Multi-Headed Attention: The encoder uses a multi-headed attention mechanism to focus on different parts of the input, capturing the structure and meaning of the French phrase.
Deep Representation: The encoder creates a deep representation of the input’s meaning, which is then passed to the decoder.
Decoder Input: A “start of sequence” token is added to the decoder input, signaling the decoder to start generating the English translation.
Contextual Understanding: The decoder uses the contextual information provided by the encoder to predict the next English token.

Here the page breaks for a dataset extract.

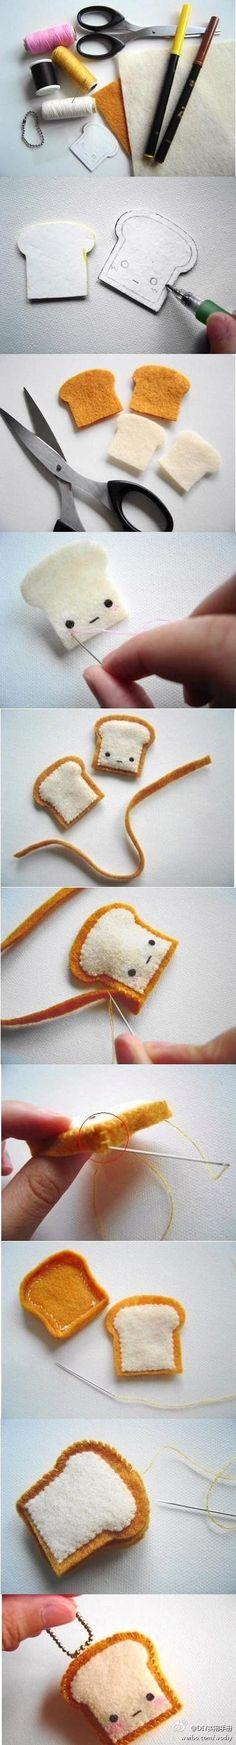 felt slice of bread

It’s like having a conversation with context.
Output: The decoder’s predictions go through some more layers, and a final softmax layer to produce the first token of the translation.
Loop: This process repeats, with each generated token going back into the decoder to predict the next one, like building a sentence step by step.
End-of-Sequence: The model continues until it predicts an “end-of-sequence” token, indicating that the translation is complete.
Detokenize: Finally, the sequence of tokens is transformed back into words to get our translated output. In this case, it could be something like “I love machine learning.”

Glossary

Generative AI (GenAI): A subset of machine learning that involves models capable of generating content such as text, images, video, audio, or speech based on statistical patterns learned from large datasets.
Language Model Technology (LLM): A technology that uses machine learning models to understand and generate human language text.
Generative Pre-trained Transformer (GPT): A specific type of language model technology, known for its ability to generate human-like text based on pre-training on a large corpus of text.
Model’s Memory: Relative size in terms of their parameters.
Prompt: The text input provided to a language model to generate desired content.
Context Window: The space or memory available for the prompt in a language model, typically large enough to hold a few thousand words.
Completion: The output generated by a language model in response to a prompt.
Inference: The process of using a language model to generate text or content based on a given prompt.
Transformer Architecture: A neural network architecture known for its efficiency in processing and understanding the context of words in sentences, widely used in generative AI.
Tokenization: The process of converting human language text into numerical values (tokens) that machine learning models can process.
Embedding Layer: A layer in a neural network that represents tokens as vectors in a high-dimensional space, encoding the meaning and context of individual tokens.
Positional Encoding: Information added to token vectors to maintain the relevance of word order in the input sequence.
Self-Attention Layer: A component of the transformer architecture that analyzes the relationships between tokens in the input sequence, with multiple sets of self-attention weights in parallel.
Multi-Headed Self-Attention: A feature of the transformer architecture where multiple self-attention heads independently learn different language aspects.
Feed Forward Network: A layer in the neural network that produces logits, representing the probability scores for all tokens in the tokenizer dictionary.
Softmax Layer: A layer that calculates probabilities for each word in the vocabulary, used to select the final output token in generative AI models.
Encoder and Decoder Model: Components of a transformer-based architecture used in tasks like machine translation, where the encoder understands the input, and the decoder generates the output.
End-of-Sequence Token: A token used to indicate the completion of a sequence or translation.
Detokenize: The process of transforming a sequence of tokens back into human-readable words or content.
Homonyms: Same spelling words with different meanings. Eg: Bank
Syntactic ambiguity: “The teacher taught the students with the book.” Did the teacher teach using the book or did the student have the book, or was it both? How can an algorithm make sense of human language if sometimes we can’t?

This blog curates my takeaways as a product manager from the courses LLMs by Google & Introduction to LLMs and the generative AI by Coursera.